Archive for March, 2006

03/31 Tomabaem online light

On the side bar you’ll find a small form that accepts one chinese character, aka sinogram, and will return in the box below that the readings [Cantonese, Mandarin, Japanese, Korean and Viêtnamese] and meanings for this sinogram. This stuff was pulled from the UniHan database, as explained at the Tomabaem main page. Tomabaem Online is a derivate of the desktop app, and is built on indexes of the database that are made offline. Then, a little Python [thanks to 2.4’s unicode codecs, conversion from UTF-16 to UTF-8 is seamless] and grep later, and we have a winner! Which reminds me, I haven’t updated the indexes for a while, I shall do that now. I wrote an RB app that runs 11 threads [must. resist. temptation. to. rewrite. it. in. Erlang.] and the main routine reads the UniHan db and sends text to each thread depending on its content. Here’s a sample:

U+3400 kCantonese jau1
U+3400 kDefinition (same as U+4E18 丘) hillock or mound
U+3400 kHanYu 10015.030
U+3400 kIRGHanyuDaZidian 10015.030
U+3400 kIRGKangXi 0078.010
U+3400 kIRG_GSource KX
U+3400 kIRG_JSource A-2121
U+3400 kIRG_TSource 6-222C
U+3400 kMandarin QIU1
U+3400 kRSUnicode 1.4
U+3400 kSemanticVariant U+4E18
U+3400 kTotalStrokes 5

U+3400 gives me the sinogram’s codepoint, and depending on the kXXXXX tag, I pass each line to a thread storing the data in a separate file. The whole process takes two and a half minutes, and I guess I could do faster. But 160 seconds for 25MB of data is fast enough. So now the indexes are up to date :-) I need to update Tomabaem’s own db, will do that later.
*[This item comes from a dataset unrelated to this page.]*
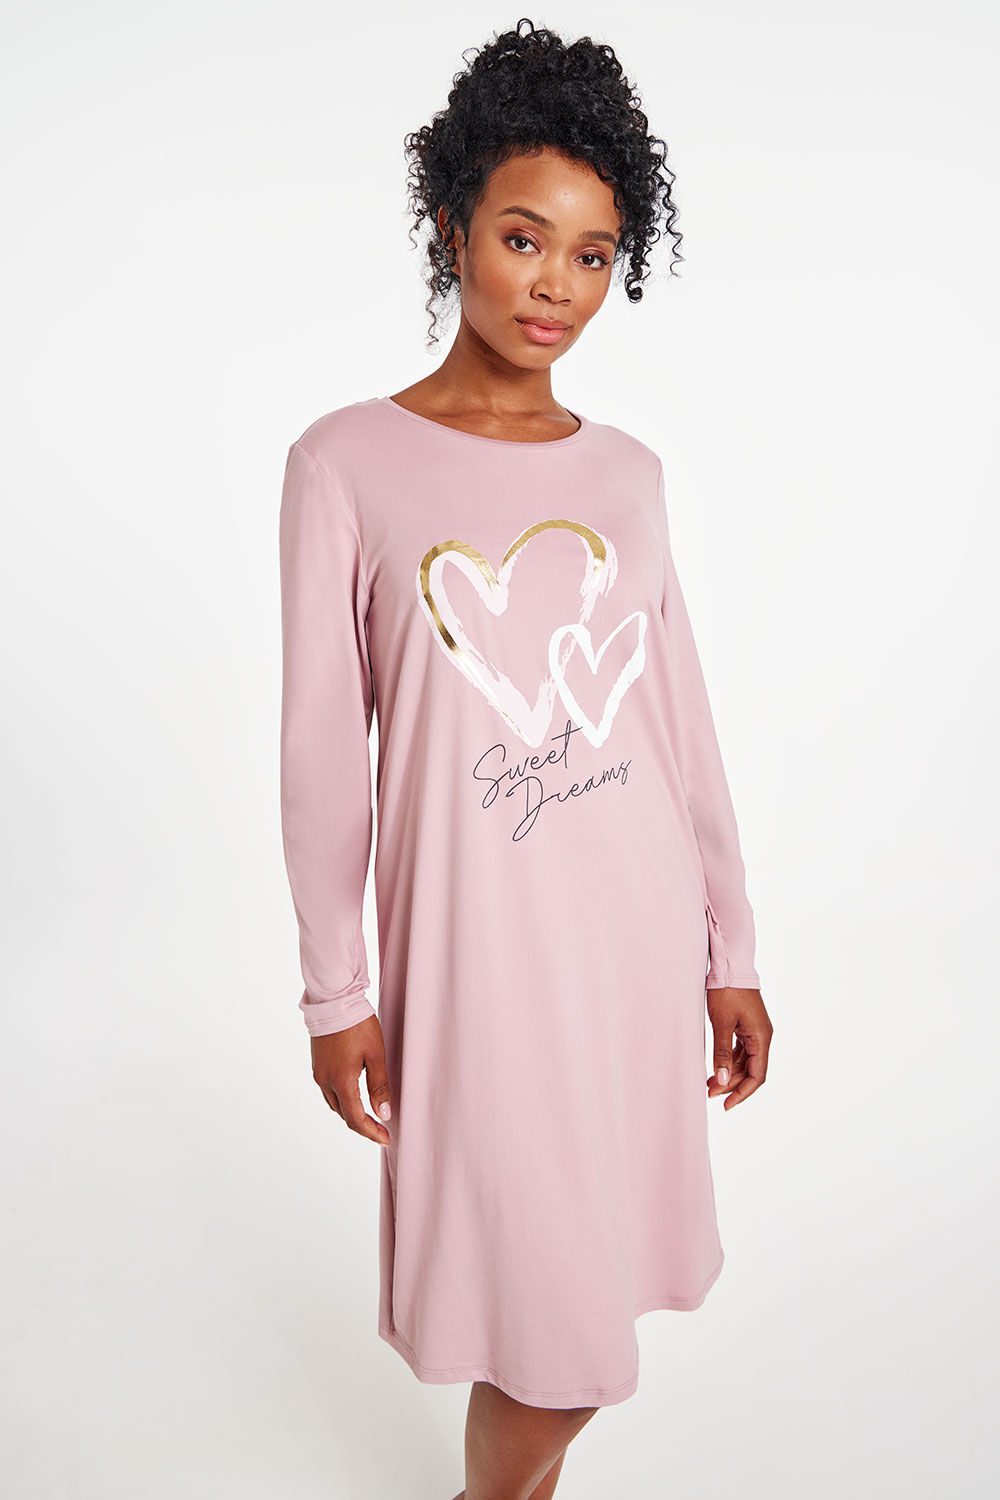 Bonmarche Women’s Pink Heart Print Long Sleeve Soft Touch Nightdress, Size: 16-18
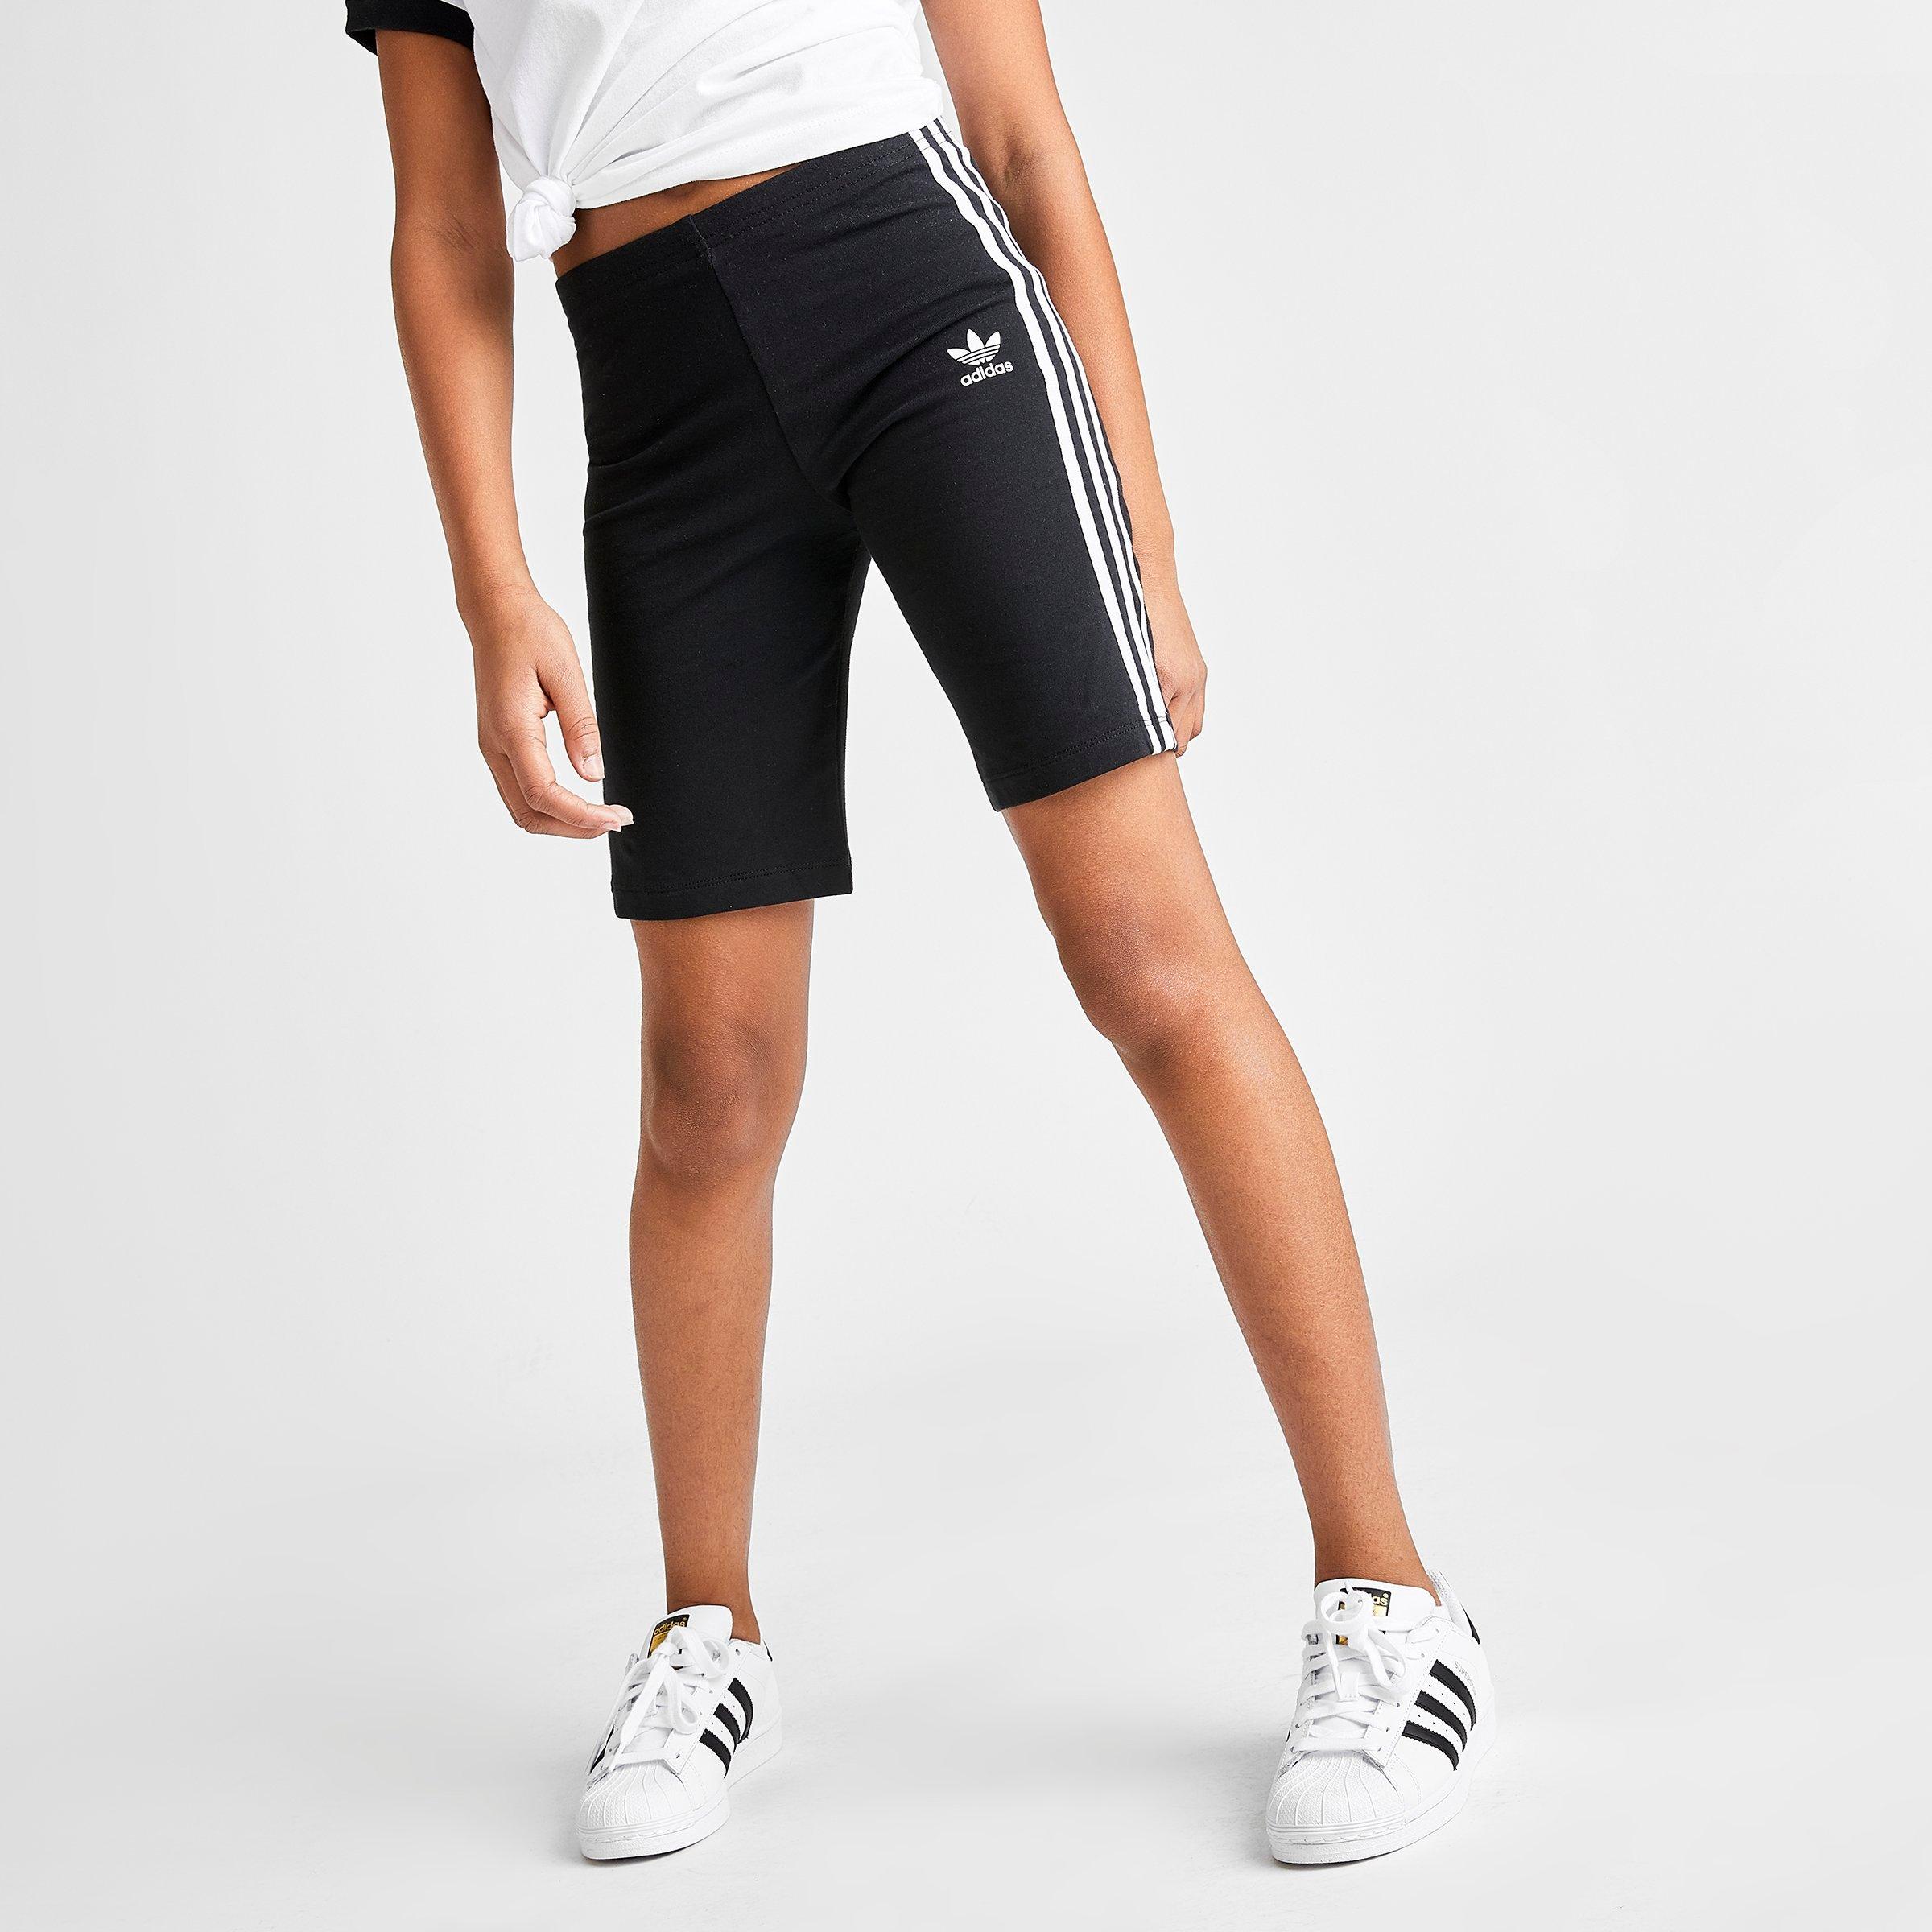 Adidas Bike Shorts Hotsell, 53% OFF | espirituviajero.com

dda> time ./threadIndexer/threadIndexer
Thread kSimplifiedVariant starting...
Thread kTraditionalVariant starting...
Thread kCantonese starting...
Thread kJapaneseOn starting...
Thread kJapaneseKun starting...
Thread kKorean starting...
Thread kMandarin starting...
Thread kVietnamese starting...
Thread kRSKangXi starting...
Thread kTotalStrokes starting...
Thread kDefinition starting...
Done dispatching in 150,204,884µs
Saving kSimplifiedVariant.idx
Saving [...]
Thread kSimplifiedVariant finished...
Thread [...] finished...

real    2m39.733s
user    1m54.760s
sys     0m6.600s

So. Okay, most of the time is spent dispatching, I could improve that…

03/26 Stanford CS Education Library

Not everyone is lucky enough to enjoy a posh education at Stanford, but it shouldn’t prevent you to go to their Stanford CS Education Library and go through the material there. Pretty basic but good stuff. Currently dealing with Binary Trees (with a focus on C), and I am using this as Erlang tutorials, the DIY variant… There’s probably a good implementation of a binary tree [in the Chapter about Tuples of the Erlang doc], but I didn’t cheat and did it all on my own :D


Binary Search Tree

I have now a semi-functioning implementation of a binary search tree [a last minute “upgrade” of the code borked the lookup function, sigh]. It can, so far, create and add nodes to a parent, left or right; lookup a node well, when I fix the code that is…; calculate the maximum depth, minimum and maximum values, and the overall count of nodes; and mirror the tree – for some reason it took me more than 5 minutes, must be tired…

Note to self: unit tests are fine, as long as they don’t have bugs… Trying to debug a perfectly functioning piece of code because the unit test is bugged is a perfectly rotten way of spending time in front of the ‘puter…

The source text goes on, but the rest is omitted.